After migration: The CheckMigrationStatus command detects legacy columns (id, geohash, point_count_abbreviated, created_at) and warns if composite PK migration is incomplete.
Photo saved/deleted
→ PhotoObserver marks tile dirty (if verified >= ADMIN_APPROVED)
→ PhotoObserver marks team dirty (if verified >= VERIFIED and has team_id)
→ clustering:process-dirty (scheduler or manual)
→ ClusteringService::clusterTile() — Reclusters one tile across tile zooms (8-16)

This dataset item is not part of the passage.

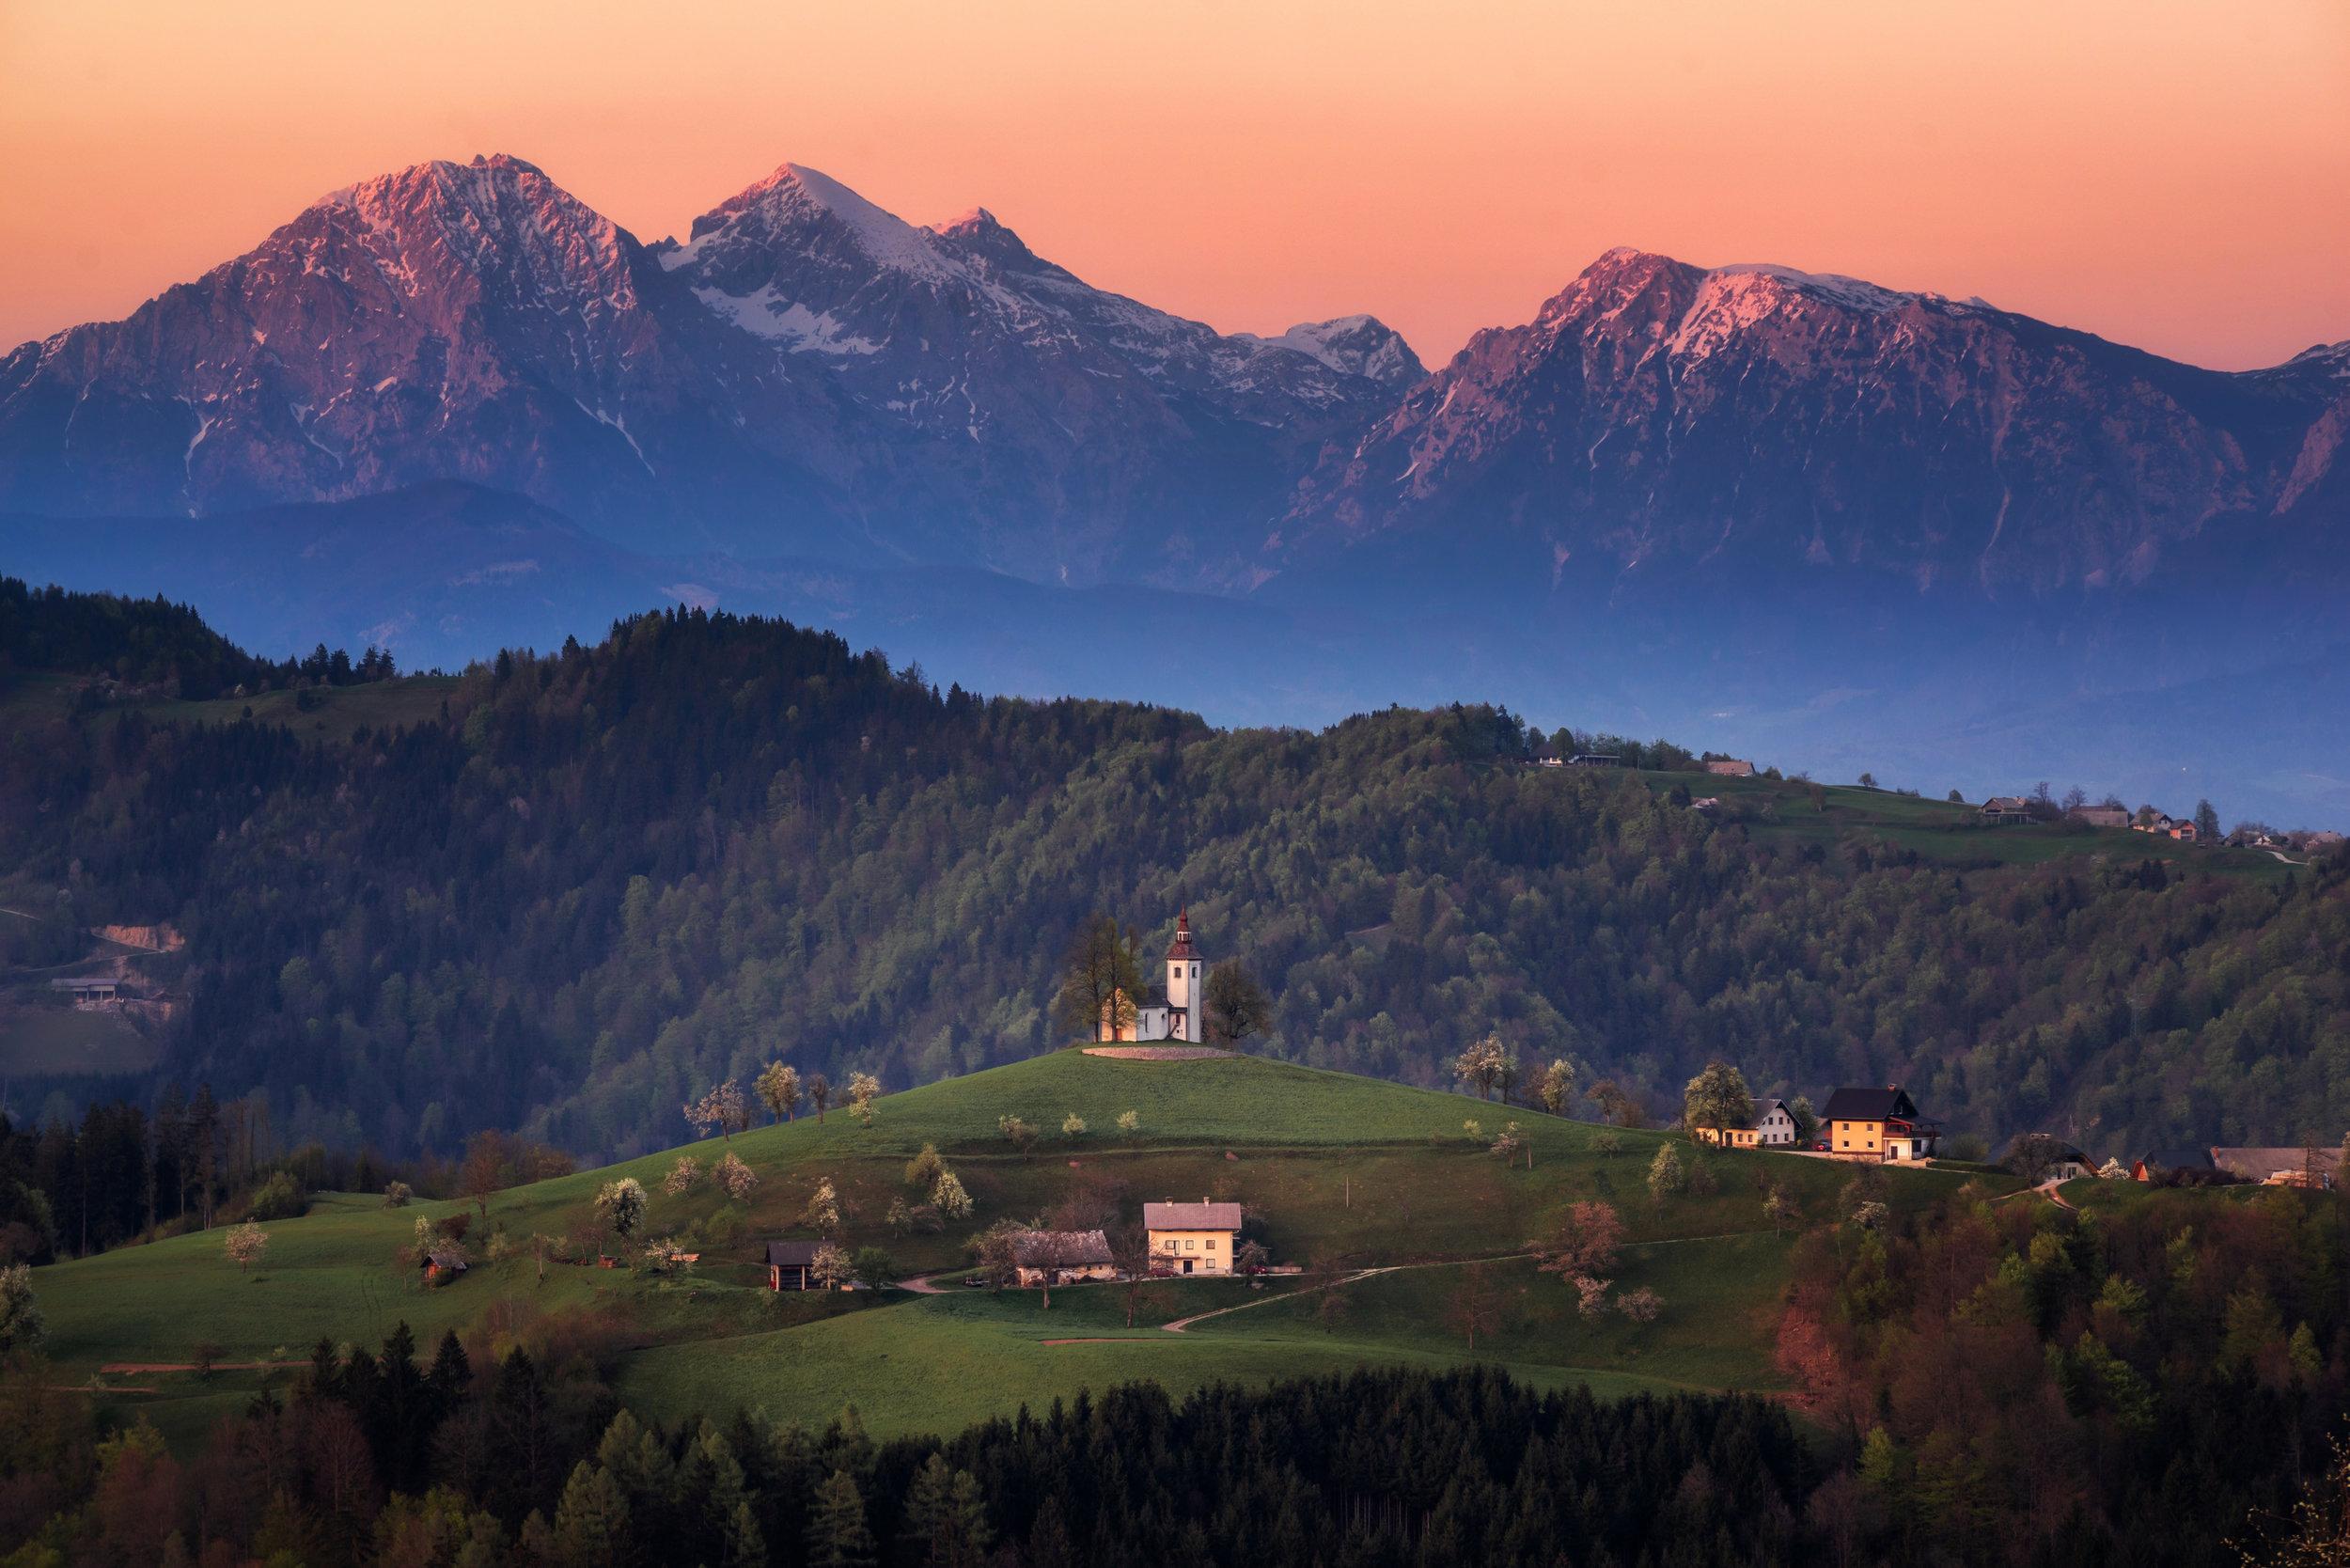 Good evening - Slovenia 2019
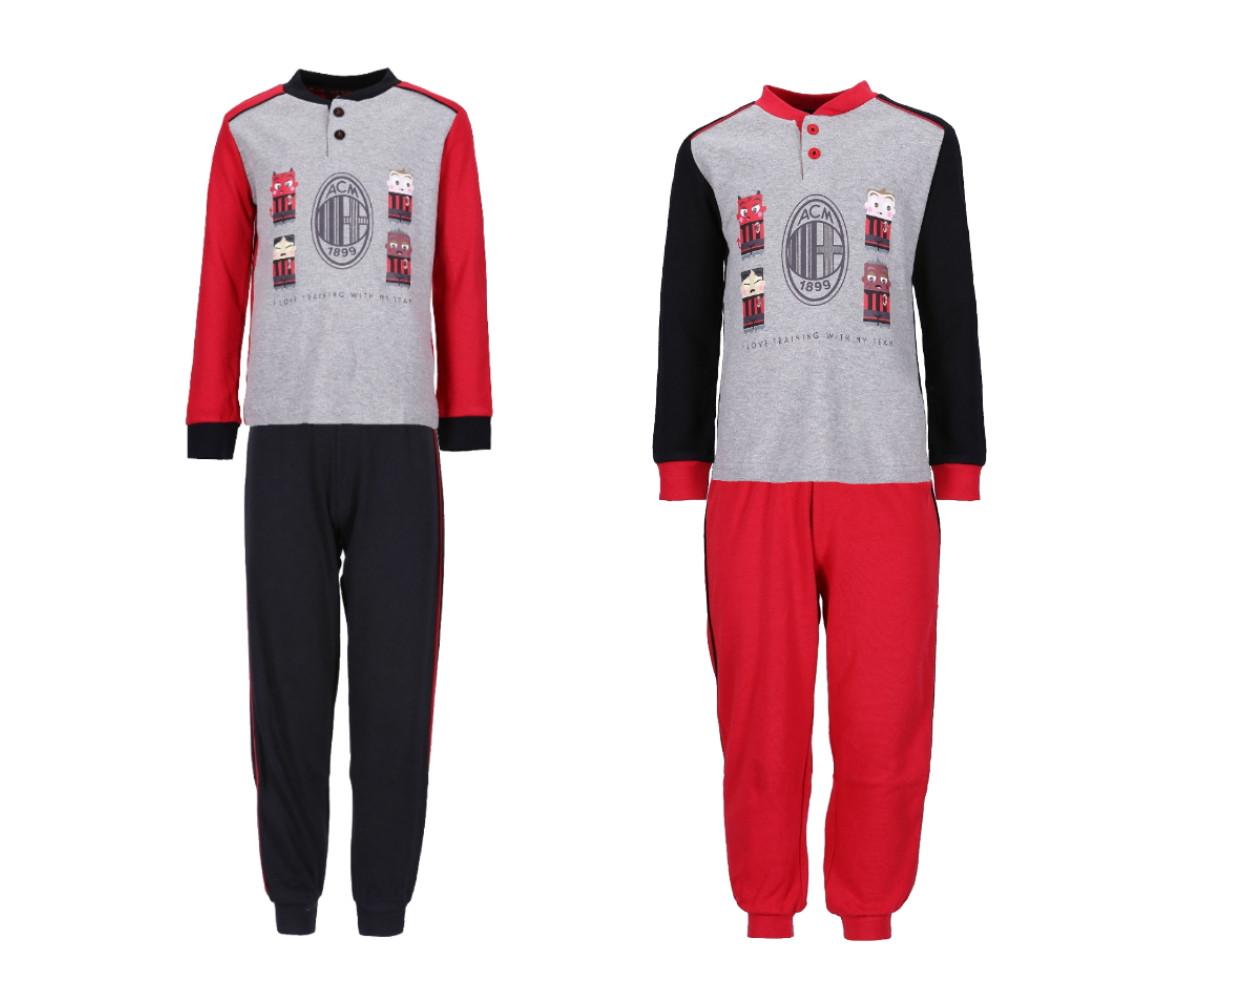 Pigiama Lungo Milan Bambino Abbigliamento Calcio ACM Milan PS 34793

→ ClusteringService::clusterTeam() — Reclusters one team across all zooms (0-16)
Full rebuild:
→ clustering:update --populate (backfill tile_key on photos)
→ clustering:update --all (recluster all global zooms)
→ clustering:update --all-teams (recluster all teams with photos)
→ clustering:update --team=5 (recluster a specific team)
| File | Purpose |
|---|---|
config/clustering.php |
Grid sizes, zoom levels, tile size, TTL, limits |
app/Services/Clustering/ClusteringService.php |
Core clustering logic |
app/Http/Controllers/Clusters/ClusterController.php |
API endpoint (GeoJSON + ETag) |
app/Http/Controllers/Teams/TeamsClusterController.php |
Team cluster API (GeoJSON + bbox) |
app/Observers/PhotoObserver.php |
Dirty tile/team marking + school privacy |
app/Console/Commands/Clusters/UpdateClusters.php |
clustering:update command |
app/Console/Commands/Clusters/ProcessDirtyTiles.php |
clustering:process-dirty command |
app/Console/Commands/Clusters/CheckMigrationStatus.php |
clustering:check-migration command |
app/Models/Cluster.php |
Eloquent model (composite PK, $timestamps = false) |
app/Traits/GeoJson/CreateGeoJsonPoints.php |
GeoJSON FeatureCollection builder |
resources/js/stores/maps/clusters/index.js |
Pinia store for cluster data |
resources/js/views/Maps/helpers/clustersHelper.js |
Frontend cluster rendering + interactions |
resources/js/views/Maps/helpers/constants.js |
CLUSTER_ZOOM_THRESHOLD = 17 |
tests/Feature/Map/Clusters/ClusteringTest.php |
Core clustering tests |
tests/Feature/Map/Clusters/ClusteringApiTest.php |
API endpoint tests |
tests/Feature/Map/Clusters/ClusteringConfigurationTest.php |
Config validation tests |
tests/Feature/Map/Clusters/TeamClusteringTest.php |
Team clustering tests |
tests/Helpers/CreateTestClusterPhotosTrait.php |
Test utilities |
| File | Status |
|---|---|
app/Console/Commands/Clusters/GenerateClusters.php |
Deleted — Old Node.js supercluster approach |
app/Console/Commands/Clusters/GenerateTeamClusters.php |
Deleted — Old Node.js team clustering |
- Global clustering includes all public-ready photos. Global queries use
WHERE verified >= 2(ADMIN_APPROVED+). Team queries useWHERE verified >= 1(tagged+, so school students see their uploads on the team map before teacher approval). - PhotoObserver uses two thresholds. Global tile dirty:
>= ADMIN_APPROVED. Team dirty:>= VERIFIED(tagged). This means team clusters update when a student tags a photo, but global clusters only update after admin/teacher approval. ClusteringServiceuses raw SQL, not Eloquent. All clustering queries useDB::statement()withINSERT...SELECTfor performance. The Cluster model exists but is not used by the clustering pipeline.- Team clusters are in the same table as global clusters. The
clusterstable hasteam_id(0 = global, N = team-specific). All existing global queries filter byWHERE team_id = 0. The oldteam_clusterstable has been dropped.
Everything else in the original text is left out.